By Old_Committee_5156 • Score: 1 • April 10, 2025 12:21 AM
Dear Reddit, this tea appears to have come out of a tacky soap opera and kicked me in the shin.
My dad’s side of the family is a little messed up. They are from a small town, and everyone knows everything about everyone. Not joking. Anywho…
A couple of years ago, my aunt Amy had to get surgery and due to a horrible reaction to the anaesthesia and due to medical negligence, she wound up brain-dead in a vegetative state. We (parents, sister 22 and me 26) were made aware as soon as complications started, dropped everything and rushed to the hospital to support my 3 cousins (all girls: 27, 24, 22) and uncle through what was happening… a horrible thing for anybody, it changed my cousins’ lives forever.
…
They were going to decide what to do about my aunt, but the doctors were fidgeting around the brain-dead subject since it was their fault; my uncle deluded himself into thinking he could solve it with experimental or new treatment.

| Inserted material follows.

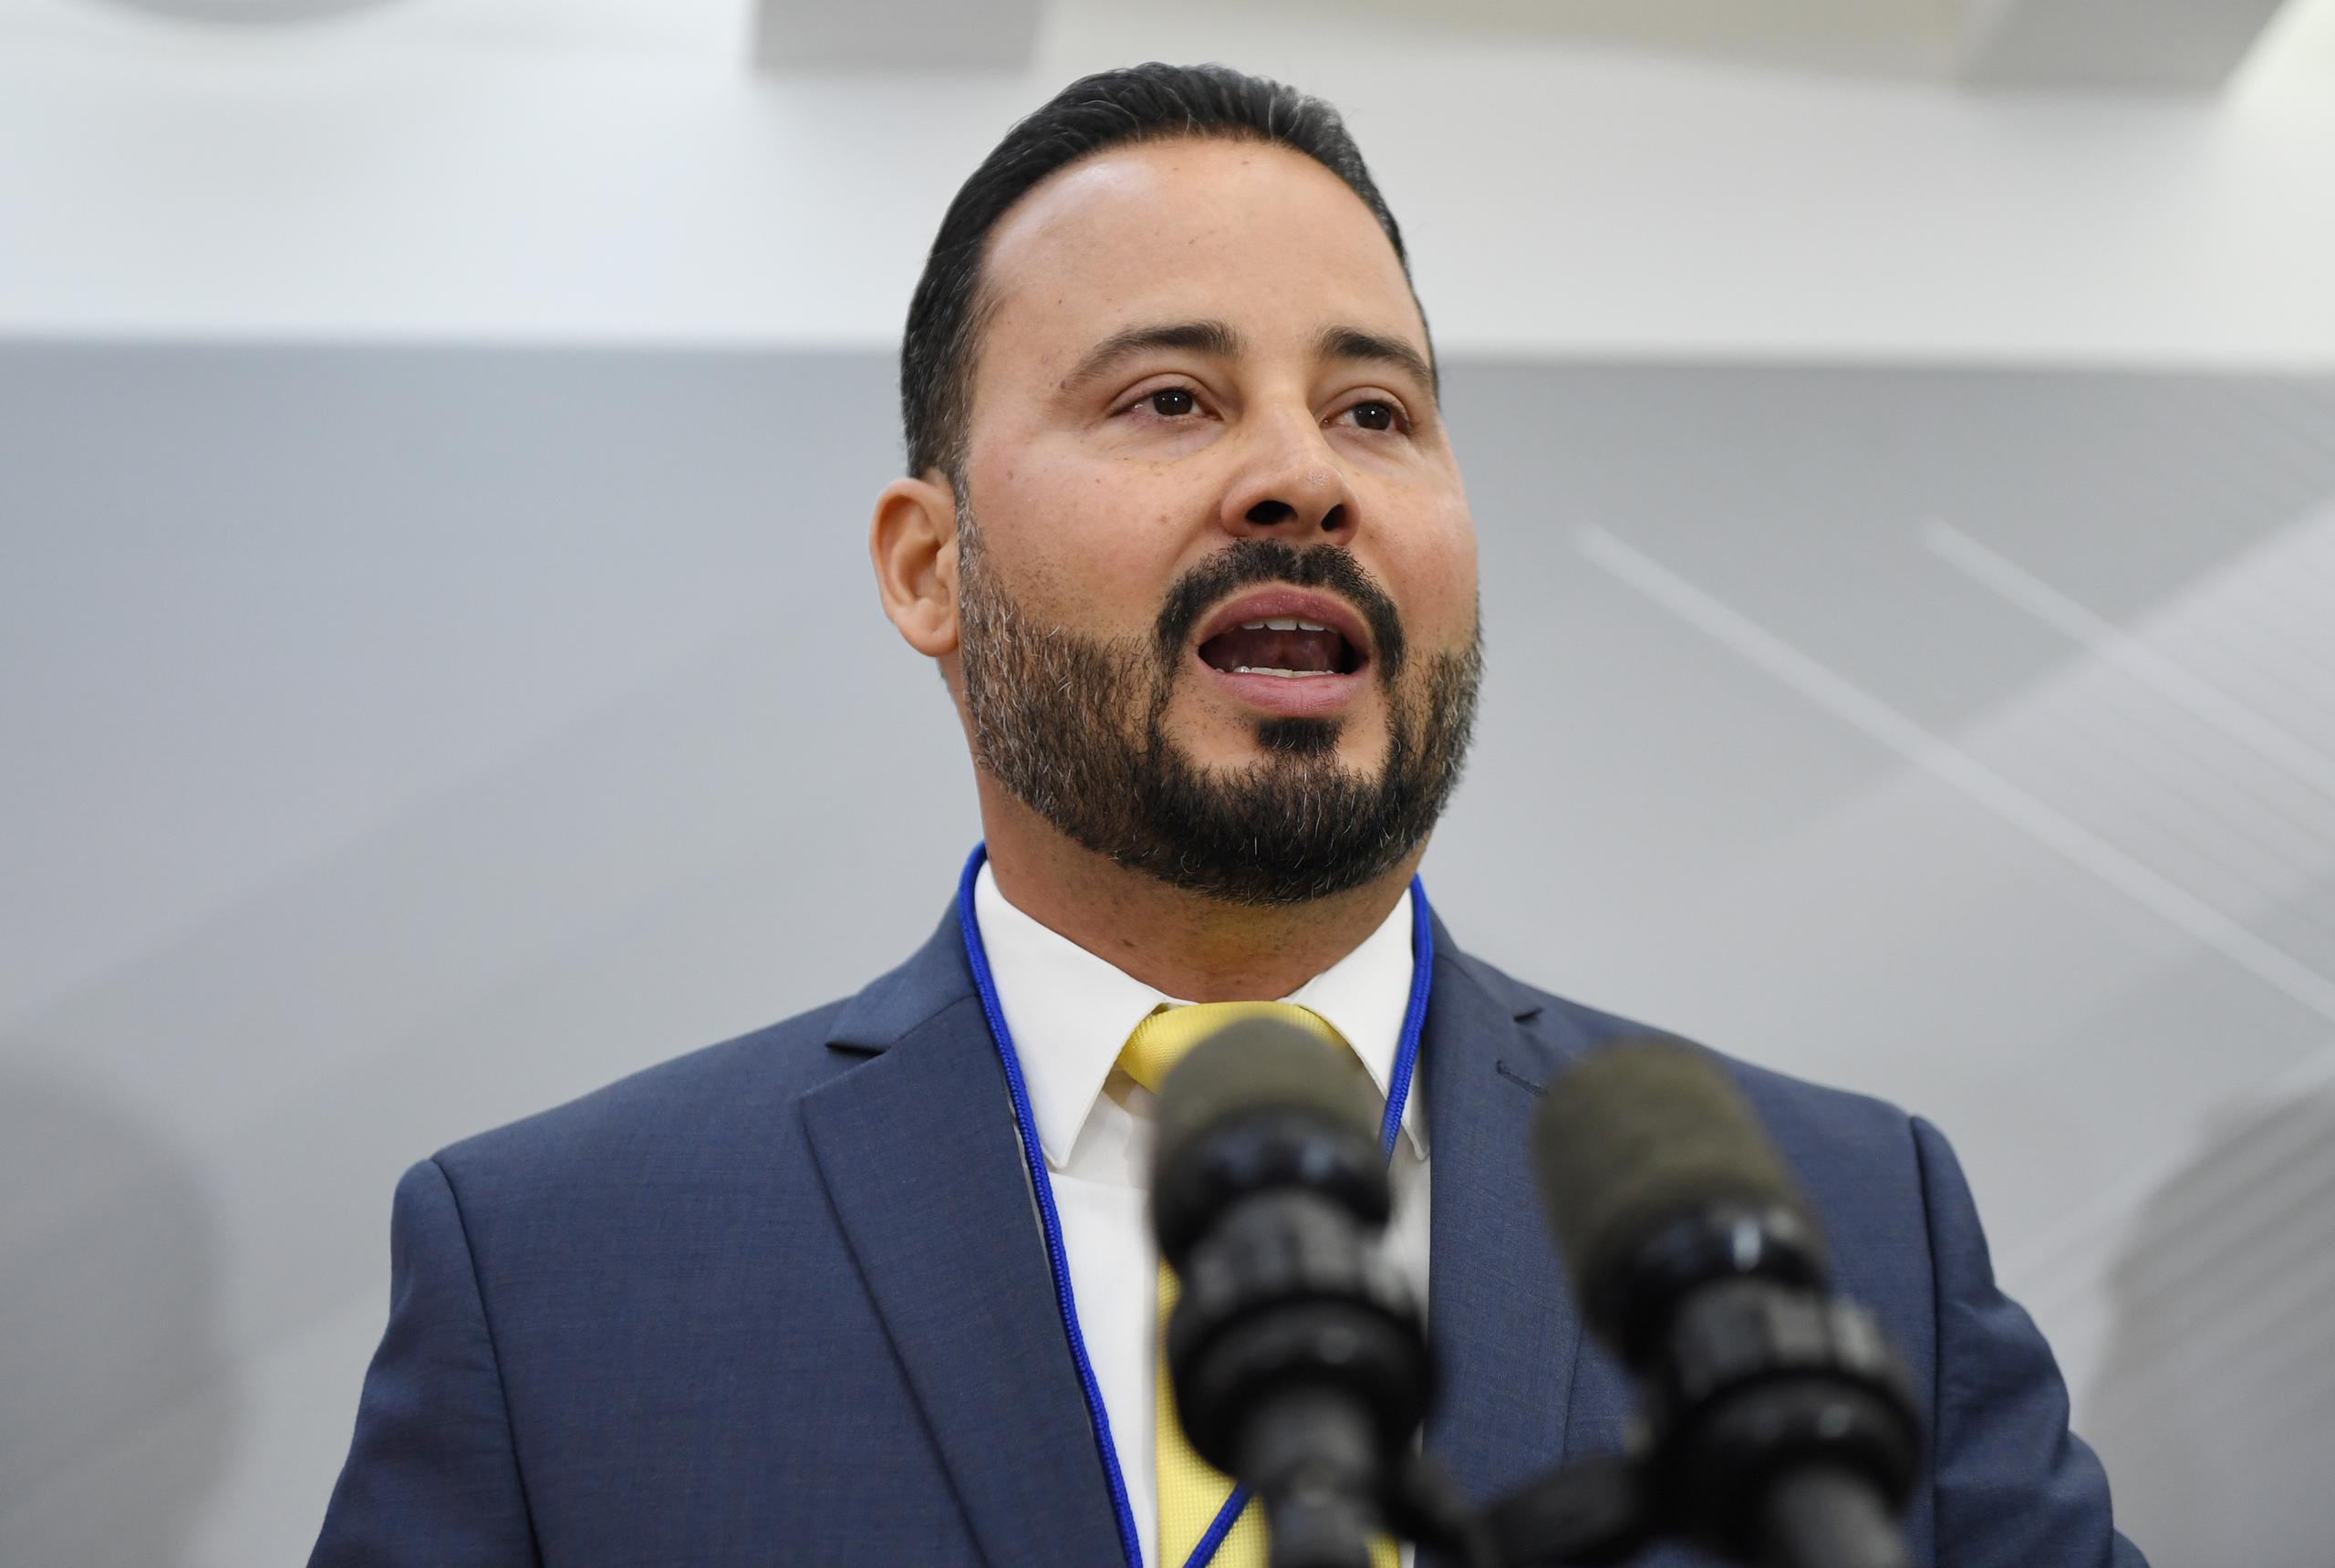 El alcalde de Villalba, Luis Javier Hernández, aludió a que a los municipios se les siguen añadiendo responsabilidades gubernamentales sin presupuesto.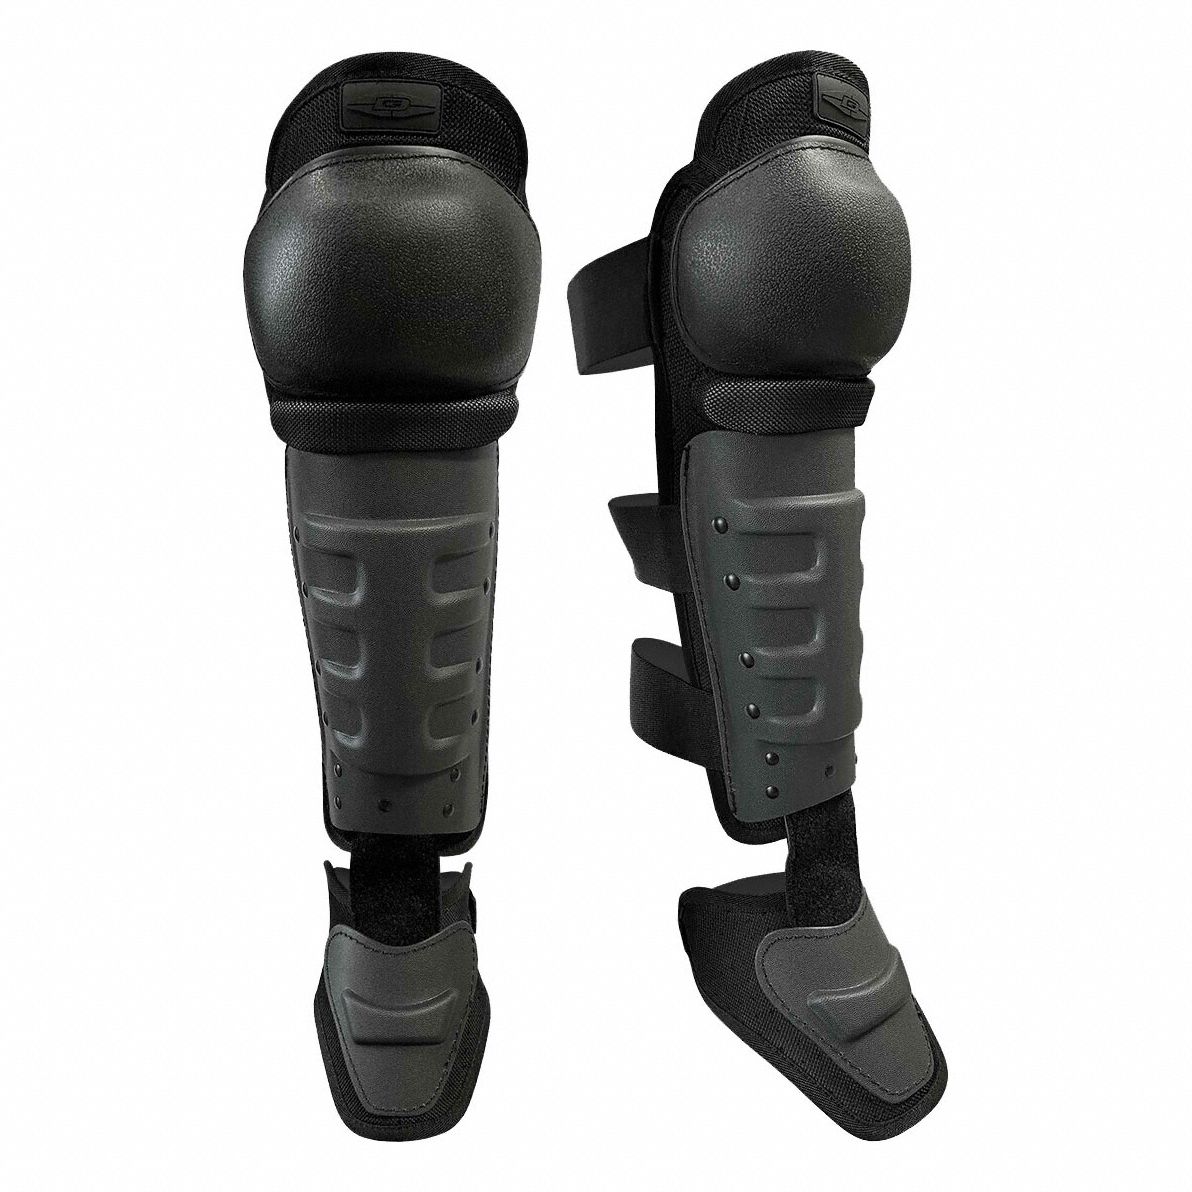 Juego de espinilleras Polainas impermeables para piernas para senderismo  protección para piernas al Romacci Juego de espinilleras

Back then, it seemed as though my uncle was in denial about losing my aunt, so we let it be when he decided he would take his wife home. He set up the guest room as an ICU, hired nurses and set everything he thought they’d need.
It was all very heartbreaking… until it wasn’t.
It took a couple of months, but dear Uncle Brad (60) started bringing his GF Brenda (43) into his home. My cousins live in my city, so it was just him and aunt at home…yes, same aunt he’s insisted on keeping alive in the guest room…
It turns out that he had been cheating for years, and my aunt knew, but my cousins did not. I think we can all agree that the action of bringing a mistress into a house with the wife in that state is disgusting.
As if he had gotten rid of the need to pretend to hide anymore, he started bringing “the woman” (nicer than my cousins put it) into the house, which crossed a line with the housekeeper (a woman saved from a bad family situation by my aunt) and so she snitched HARD. So, my cousins were then told by the nurses and the housekeeper that he’d been very freely going out with her immediately since the accident and the degree of the situation was made aware to everybody. Apparently, the whole town knew about the cheating; this was confirmed by THE group of old ladies that are like the town bosses (friends of my grandma).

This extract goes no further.